3.1 Parallel Database Architectures
Various architectures exist for parallel database systems, each with its own advantages and disadvantages. The choice of architecture depends on the specific requirements of the application and the underlying hardware.
3.1.1 Shared Memory Architecture
In shared memory architecture:
- Multiple processors share a common memory
- All processors access the same database buffers in shared memory
- Simple programming model but limited scalability due to memory contention
┌───────────────────────────────────────┐
│ Shared Memory │
├───────┬───────┬───────┬───────┬───────┤
│ CPU 1 │ CPU 2 │ CPU 3 │ ... │ CPU n │
└───────┴───────┴───────┴───────┴───────┘
│ │ │ │
┌────────┴───────┴───────┴───────┴───────┐
│ I/O │
└────────────────────────────────────────┘
│ │ │ │
┌────────┴───────┴───────┴───────┴───────┐
│ Disk Subsystem │
└────────────────────────────────────────┘
3.1.2 Shared Disk Architecture
In shared disk architecture:
- Each processor has its own private memory
- All processors share a common disk subsystem
- Better scalability than shared memory but requires cache coherency protocols
┌───────┐ ┌───────┐ ┌───────┐ ┌───────┐
│ CPU 1 │ │ CPU 2 │ │ CPU 3 │ ... │ CPU n │
└───┬───┘ └───┬───┘ └───┬───┘ └───┬───┘
│ │ │ │
┌───▼───┐ ┌───▼───┐ ┌───▼───┐ ┌───▼───┐
│ Mem 1 │ │ Mem 2 │ │ Mem 3 │ ... │ Mem n │
└───────┘ └───────┘ └───────┘ └───────┘
│ │ │ │
┌───┴─────────┴─────────┴─────────────┴──┐
│ Shared Disk System │
└────────────────────────────────────────┘
3.1.3 Shared Nothing Architecture
In shared nothing architecture:
- Each processor has its own private memory and disk
- Processors communicate through a high-speed network
- Excellent scalability but requires data partitioning and distributed query processing
┌───────┐ ┌───────┐ ┌───────┐ ┌───────┐
│ CPU 1 │ │ CPU 2 │ │ CPU 3 │ ... │ CPU n │
└───┬───┘ └───┬───┘ └───┬───┘ └───┬───┘
│ │ │ │
┌───▼───┐ ┌───▼───┐ ┌───▼───┐ ┌───▼───┐
│ Mem 1 │ │ Mem 2 │ │ Mem 3 │ ... │ Mem n │
└───┬───┘ └───┬───┘ └───┬───┘ └───┬───┘
│ │ │ │
┌───▼───┐ ┌───▼───┐ ┌───▼───┐ ┌───▼───┐
│Disk 1 │ │Disk 2 │ │Disk 3 │ ... │Disk n │
└───────┘ └───────┘ └───────┘ └───────┘
│ │ │ │
┌────────────────────────────────────────┐
│ High-Speed Network │
└────────────────────────────────────────┘
3.1.4 Hierarchical Architecture
Hierarchical architecture combines aspects of the above models:
- Multiple shared memory nodes
- Each node contains multiple processors with shared memory
- Nodes are connected in a shared nothing configuration
- Balances the advantages of different architectures
3.2 Data Partitioning in Parallel Databases
Data partitioning refers to dividing a large dataset into smaller chunks (called partitions) and distributing them across multiple nodes in a parallel database system. The goal is to improve performance by allowing multiple processors to work on different parts of the data simultaneously.

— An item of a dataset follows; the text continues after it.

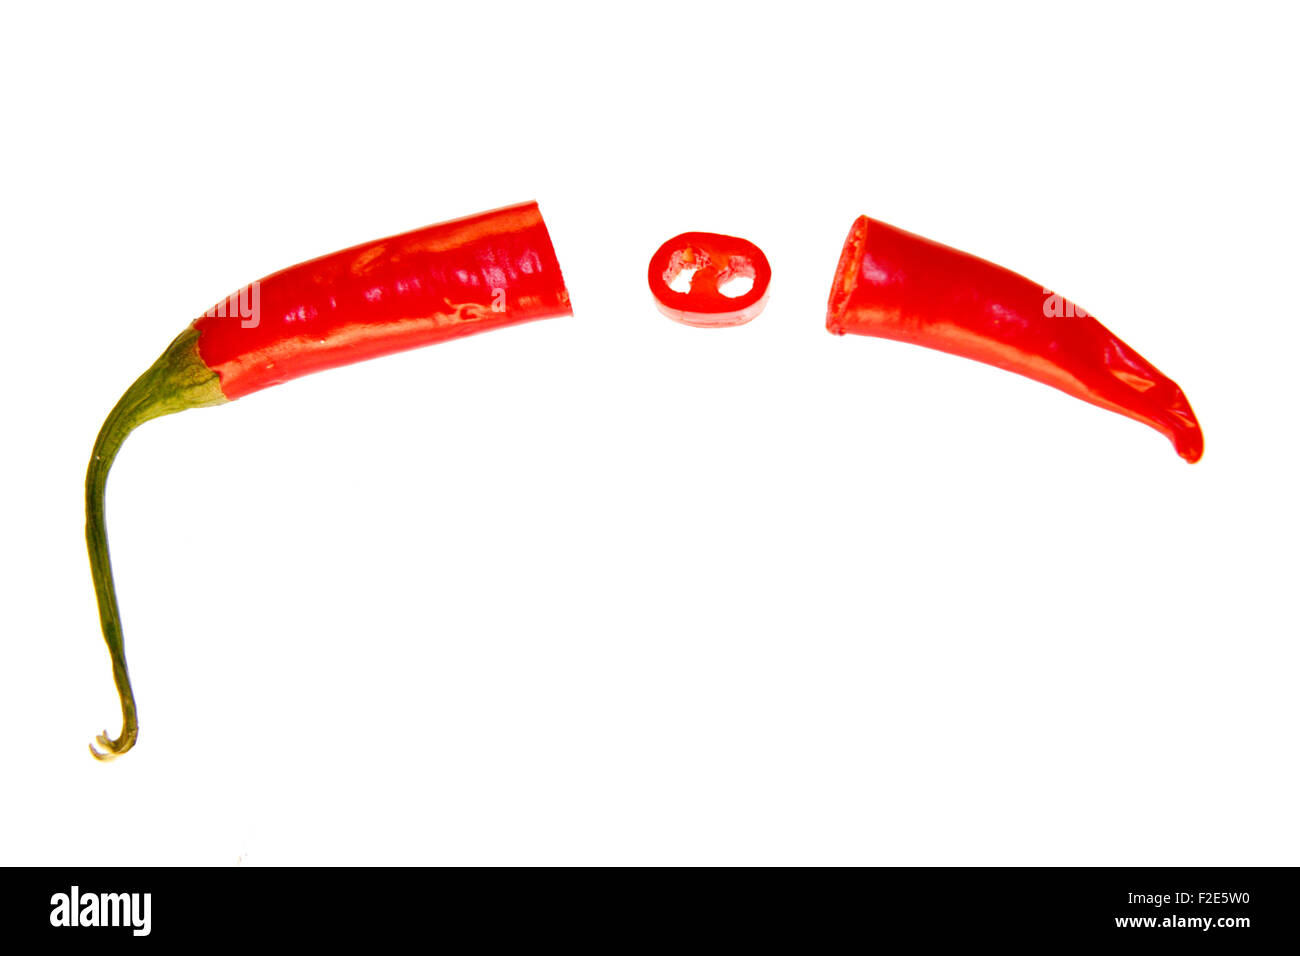 Rote Chilly-Schote - Symbolbild Nahrungsmittel. Stockfoto

3.2.1 Round-Robin Partitioning
- Tuples are assigned to partitions in a round-robin fashion
- Simple and ensures even distribution of data
- Example: Tuple 1 → Node 1, Tuple 2 → Node 2, ..., Tuple n → Node (n mod k)
3.2.2 Hash Partitioning
- A hash function is applied to a partitioning attribute
- Tuples with the same attribute value are assigned to the same partition
- Good for equality queries on the partitioning attribute
- Example:
Node_number = hash(employee_id) mod num_nodes
3.2.3 Range Partitioning
- The range of values for a partitioning attribute is divided
- Each partition is assigned a non-overlapping range
- Good for range queries on the partitioning attribute
- Example:
Node 1: employee_id 1-1000 Node 2: employee_id 1001-2000 etc.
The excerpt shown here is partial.